It is interesting to reflect briefly on the three protagonists in the story: the father, and his two sons, the younger and the elder. I appreciate the portrayal of the three in the statue created by the Episcopalian artist Margaret Adams Parker at Duke University, USA which is used (with permission) as an illustration this week. I am ‘grabbed’ by the sense of vulnerability of the father it offers us. And what of the sons?

When I first undertook academic biblical studies in the 1970s, the views of Joachim Jeremias were all the rage. Jeremias’ key tenet was that the parables of Jesus were not allegorical, and that each had one key central point that was really all we should focus on. I have to say that as regards Jeremias I have been there, done that and rather come out the other side. For I do believe that without necessarily being full blown allegories, many of the parables of Jesus contain allusions and links that it is intended that we pick up and that unless we do our reading of the parable is impoverished. I particularly think that about the parables that are special to the Gospel of Luke, which of course includes the Parable of the Prodigal Son. So who is represented by the father, and who by each of the two sons?
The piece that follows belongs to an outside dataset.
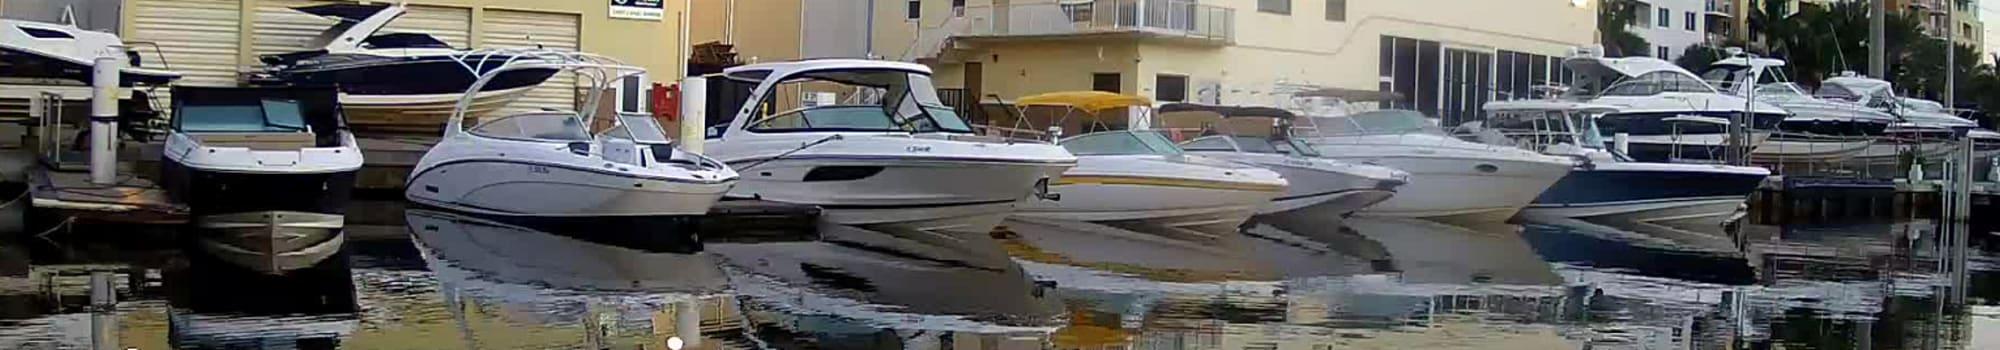 Photos of Aquamarina Hi-Lift in Aventura, Florida

I find David Frost’s prayer a helpful interpretive tool for this exploration. The link between the words of the prayer, ‘when we were still far off’  and the Gospel phrases, ‘but while he was still far off, his father saw him… ran and put his arms around him and kissed him’, encourages us to identify ourselves as the Prodigal, greeted by the heavenly Father and welcomed to a home-coming banquet (which of course we have just shared in through the Eucharist).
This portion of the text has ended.